Die D-613 verläuft ziemlich geradlinig in Ost-West-Richtung quer durch den Norden der Normandie und wird gesäumt von unzähligen kleinen Straßendörfern mit so interessanten Namen wie Croissanville, L’Hôtellerie oder Lion d’Or. In einem der kleinen Ortschaften halten wir an und genehmigen uns einen Kaffee. Es gelingt, mit dem Cafébesitzer auf französisch zu kommunizieren, er gibt sich merkbar Mühe, uns zu verstehen und auch langsam und deutlich zu antworten. Der Kaffee ist ebenfalls hervorragend, einer dieser winzigen, einem Espresso ähnlichen Kaffees, die ich auf dem Balkan so liebe.
Frisch gestärkt und ein wenig positiv überrascht geht es weiter. Eine halbe Stunde später erreichen wir die 20.000-Einwohner-Stadt Lisieux. Auf den ersten Blick eine triste Plattenbau-Stadt, allerdings mit einem recht überschaubaren, schöneren Ortskern rund um die Kathedrale St-Pierre aus dem 12. Jahrhundert. Wir überlegen kurz, anzuhalten, begnügen uns dann jedoch damit, sowieso einmal quer durch die Stadt fahren zu müssen.
Östlich von Lisieux ändert sich allmählich der Baustil; die auch in Irland und Großbritannien weitverbreiteten Natursteinhäuser weichen einfachen Fachwerkhäusern, und auch Schiefer wird in dieser Region vermehrt im Gebäudebau verwendet. Hat ein Bißchen was vom Harz, nur halt auf französisch.
Rouen hat gut 110.000 Einwohner, und Google lotst uns mitten durch die verstopften Straßen der Hafenstadt an der Seine. Immerhin hat sich die Fahrweise der Franzosen seit Abschaffung der Ente etwas zivilisiert, vielleicht kommt mir das aufgrund meiner Balkan-Reisen aber auch nur so vor. 20 Minuten für sieben Kilometer, erinnert irgendwie an Dublin. Kein Wunder also, dass uns an der Kreuzung ein großes Schild die Grüne Insel schmackhaft machen möchte.
Hinter Rouen ist die Autobahn gebührenfrei, es herrscht wenig Verkehr und wir kommen zügig voran. Allerdings wird das Didimobil langsam durstig, an der Autobahn zahlt man sich auch in Frankreich noch dumm und dusseliger als schon auf dem Lande, daher verlassen wir die Autobahn rund 20 Kilometer hinter Rouen wieder und suchen in den winzigen Orten entlang der parallelen Bundesstraße nach einer Tankstelle.
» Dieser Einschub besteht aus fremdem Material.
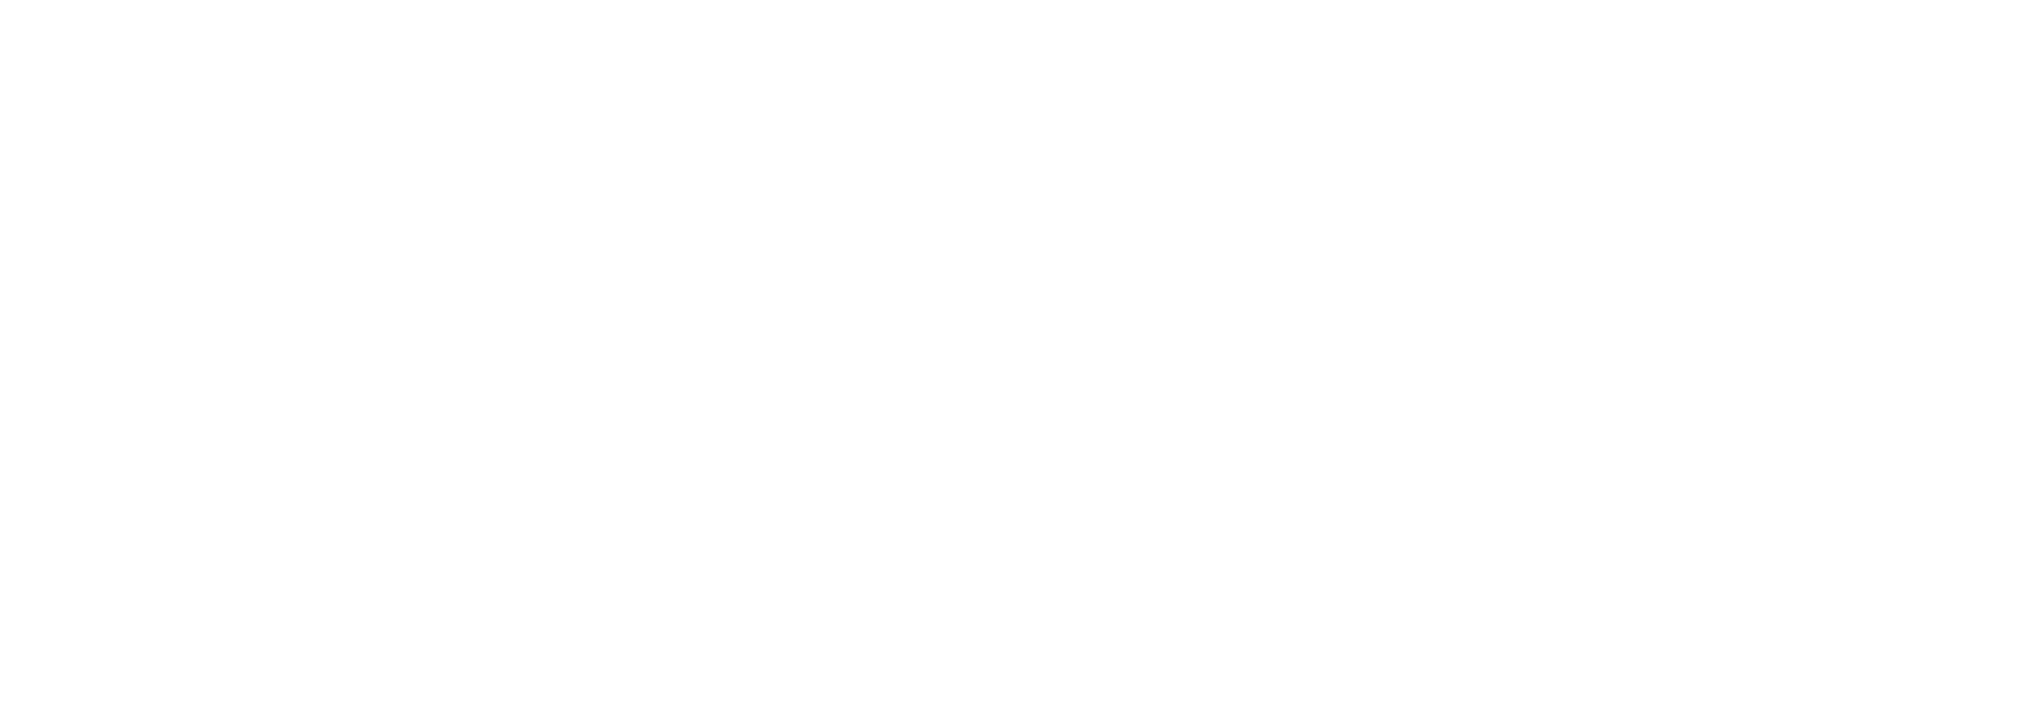 Rising Logo White

Franzosen tanken eher selten oder betreiben ihre Autos mit Rotwein, jedenfalls dauert es eine ganze Weile, bis wir in Saint-Saëns endlich eine Tankstelle an einem Supermarkt finden. Dort tankt man und fährt(!) hinterher zu einem Kassenhäuschen an der Ausfahrt, wo man den fälligen Betrag bezahlt. Da Diesel in Frankreich vergleichsweise sehr teuer ist, betanken wir beide Bullis für jeweils zwanzig Euro, das sollte reichen, um bis nach Luxemburg zu kommen. An dem Kassenhäuschen gelingt es mir dann sogar, der Dame zu verklickern, dass ich per Kreditkarte für beide Tankrechnungen bezahlen möchte.
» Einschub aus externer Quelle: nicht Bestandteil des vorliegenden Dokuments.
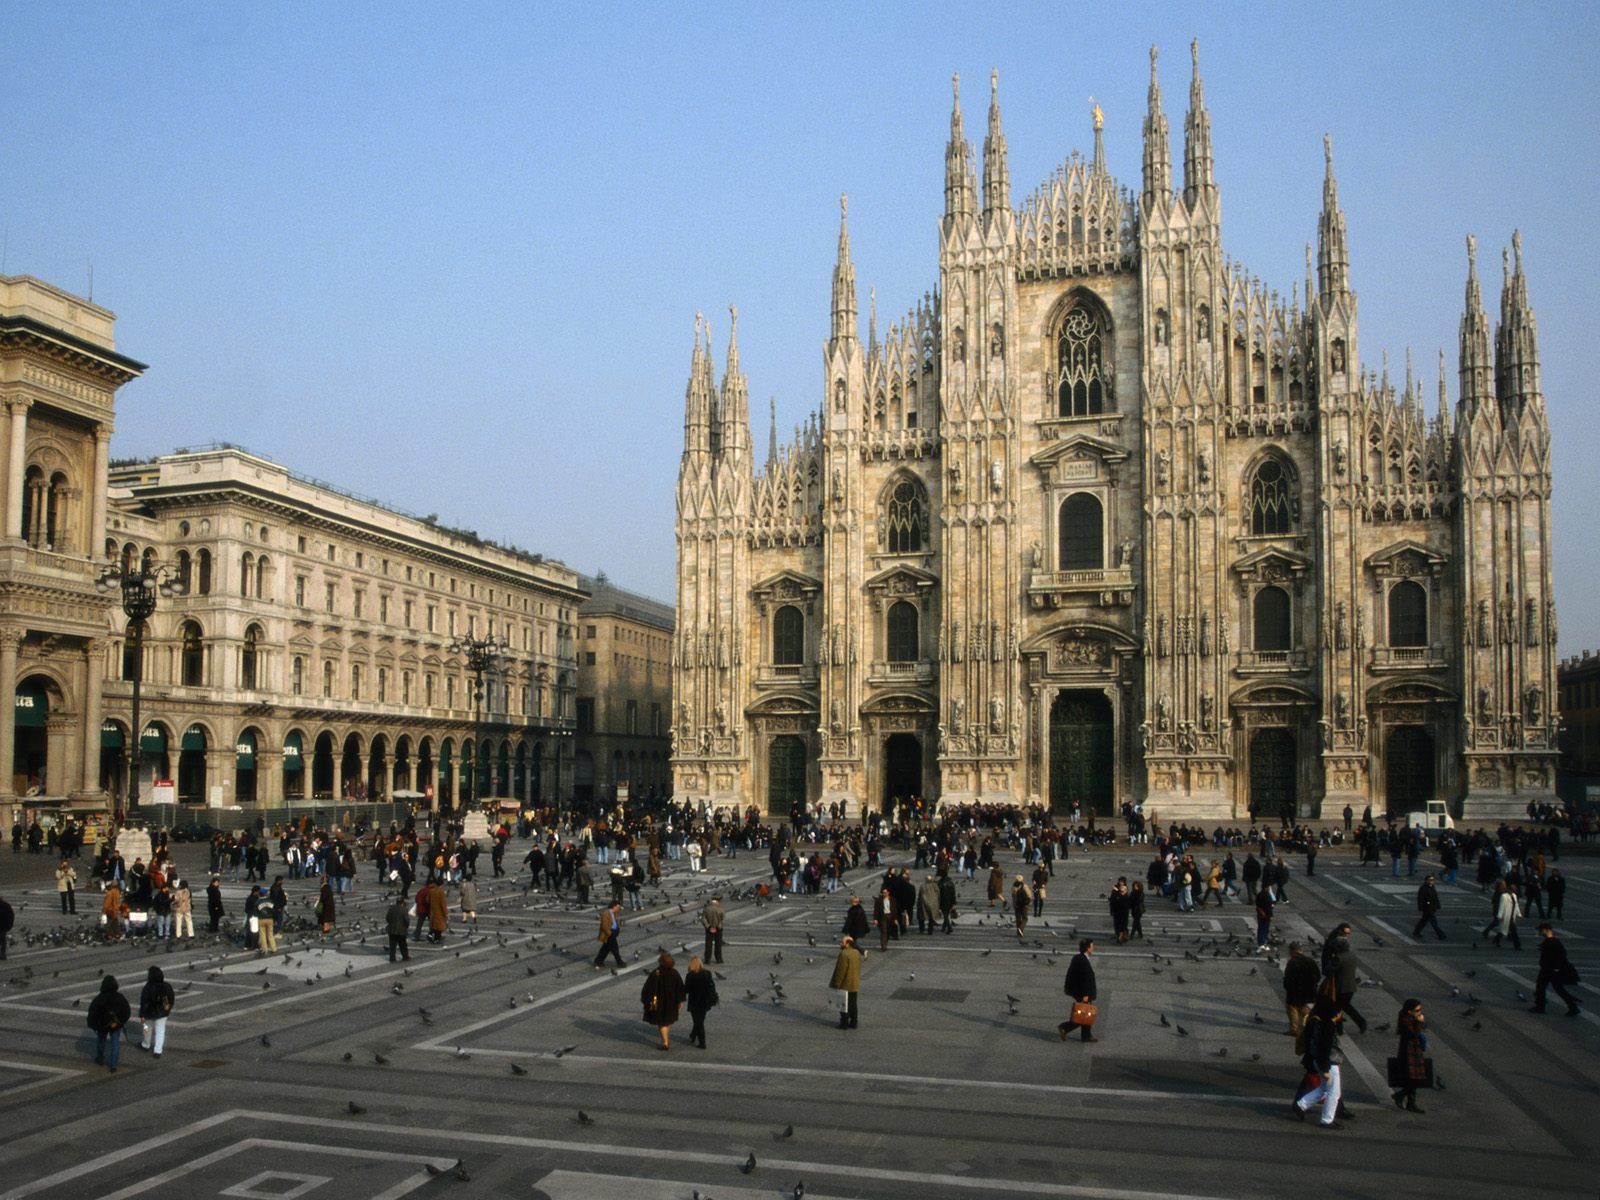 Milan.jpg
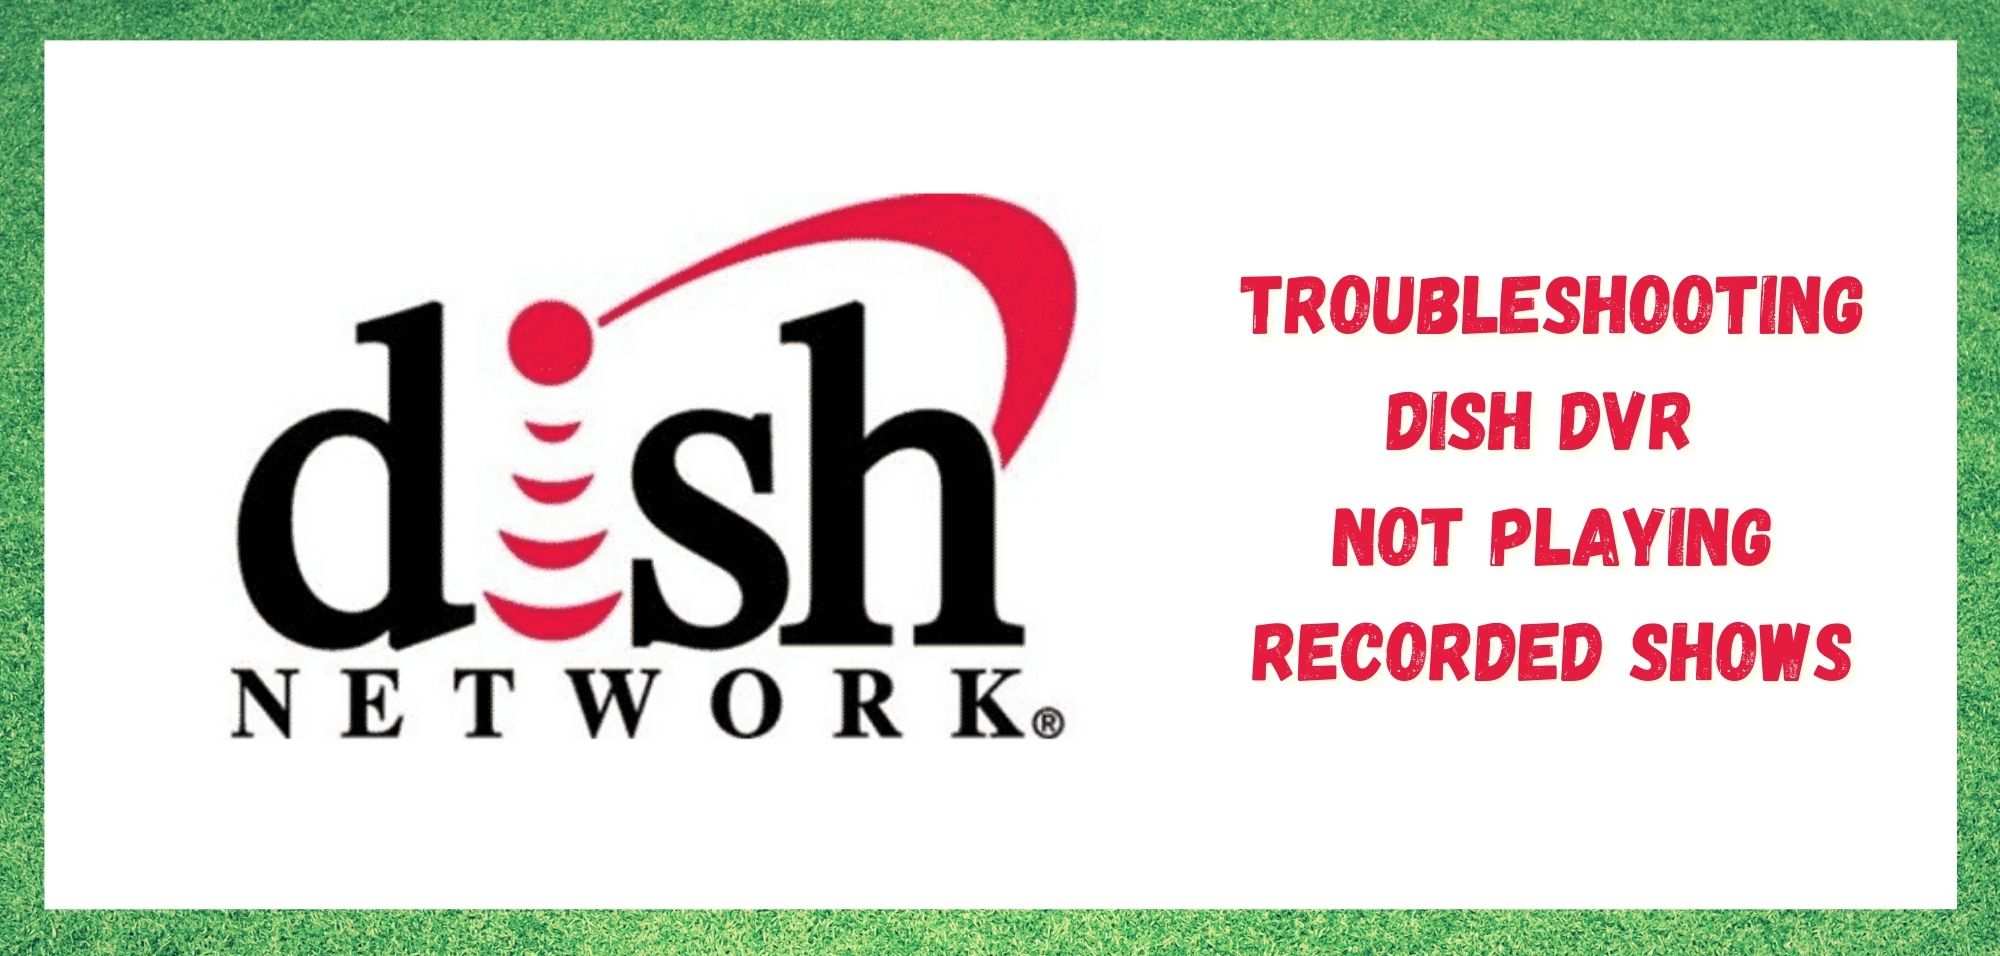 Le DVR de Dish ne lit pas les émissions enregistrées : 3 façons de résoudre le problème

Natürlich verliere ich beim Verlassen der Tankstelle den Feuerwehrmann und finde keine Möglichkeit, irgendwo anzuhalten. Schließlich stelle ich mich vor einen Parkplatz, sodass ich für die zwei Minuten den Straßenverkehr nicht behindere, doch Pustekuchen: Innerhalb von Sekunden kommt ein übereifriger Gendarm vorbeigewatschelt: Ob es denn in Deutschland keine Verkehrsregeln gäbe, ich stünde vor einer Schule und da dürfe man absolut nicht stehen, auch nicht warten. Dann kam er mit irgendwas wegen Terrorismus und so und verjagte mich – da vorne sei ein Parkplatz. Natürlich alles besetzt und so, dass mich der Feuerwehrmann nicht sehen kann. Das Im-Kreis-Fahren meinerseits gefällt dem Gendarm dann auch wieder nicht, und er kommt böse guckend in meine Richtung geschlendert. Zum Glück kommt in diesem Moment der Feuerwehrmann um die Ecke und der Gendarm kann sich wieder den wirklich wichtigen Dingen im Leben zuwenden.
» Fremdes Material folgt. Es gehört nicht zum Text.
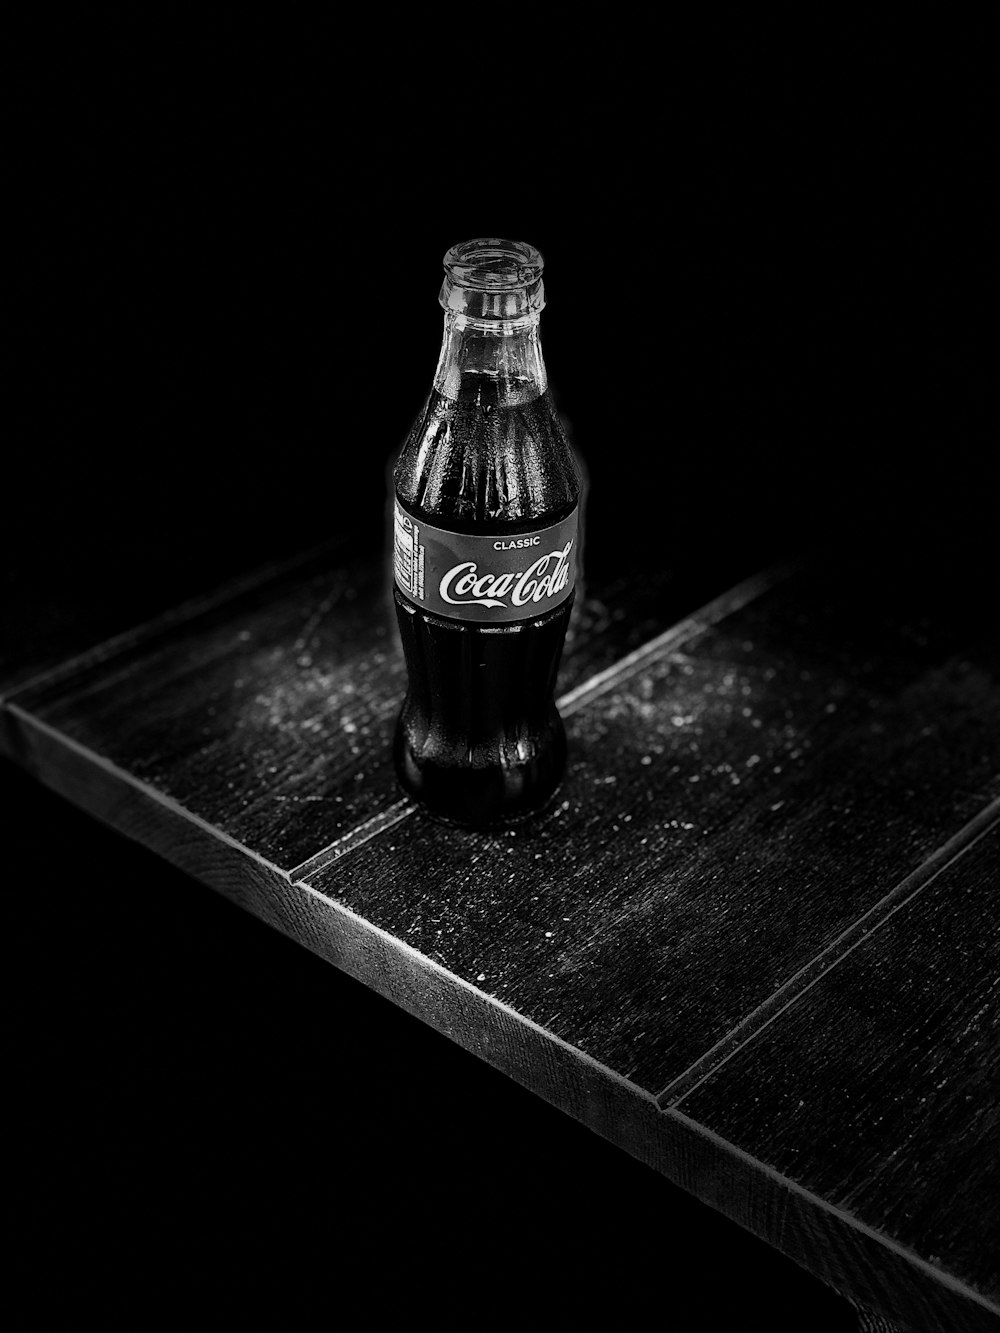 fotografia em tons de cinza da garrafa de Coca-Cola na mesa

Hinter Amiens verlassen wir die Autobahn; rund 30 Kilometer nordöstlich von Amiens soll es in Albert einen Campingplatz in fußläufiger Entfernung zu Pubs und Restaurants in der Stadt geben. Tatsächlich gibt es in dem 10.000-Einwohner-Ort mit seiner sehenswerten Basilika einen kleinen Campingplatz. Auch mit der Betreiberin kann ich mich wunderbar mit meinen eher rudimentären Französischkenntnissen verständigen, sie ist sehr geduldig und erkärt mir alles doppelt und dreifach bis ich so tue, als hätte ich es endlich verstanden.
Zu Fuß sind es gute zehn Minuten in die Stadtmitte rund um die Basilika Notre-Dame de Brebières, die mit ihrem markanten goldenen Türmchen eher an Rußland als an Frankreich erinnert. Statt lokale Spezialitäten auszutesten entscheiden wir uns für einen englischen Pub; der Besitzer spricht mit uns englisch, da es dort fast ausschließlich Engländer zum Essen hinzieht. Genauso ist das Essen dann auch – zähes Steak und alles was dazu gehört.
Während wir beim Essen sitzen, kommen auf der Straße mehr und mehr Feuerwehrfahrzeuge vorbei, und die Polizei sperrt die Straße ab. Das lässt dem Feuerwehrmann natürlich keine Ruhe. Vor knapp zwei Wochen ist in Paris die weltbekannte Kathedrale Notre-Dame abgebrannt, heute quillt Rauch aus dem Kirchturm der Notre-Dame von Albert. Da scheint Quasimodo ziemlich wütend zu sein…
Der „Brand“ ist scheinbar schnell gelöscht, wir gehen noch in eine kleine Spelunke auf ein Schlummerbier und werden morgen im Internet lesen, dass es sich beim Brand der Basilika Notre-Dame de Brebières lediglich um eine Übung der örtlichen Feuerwehr handelte und das Gotteshaus keinerlei Schaden davongetragen hat – anders als im ersten Weltkrieg, wo die Basilika schwerste Schäden davongetragen hatte.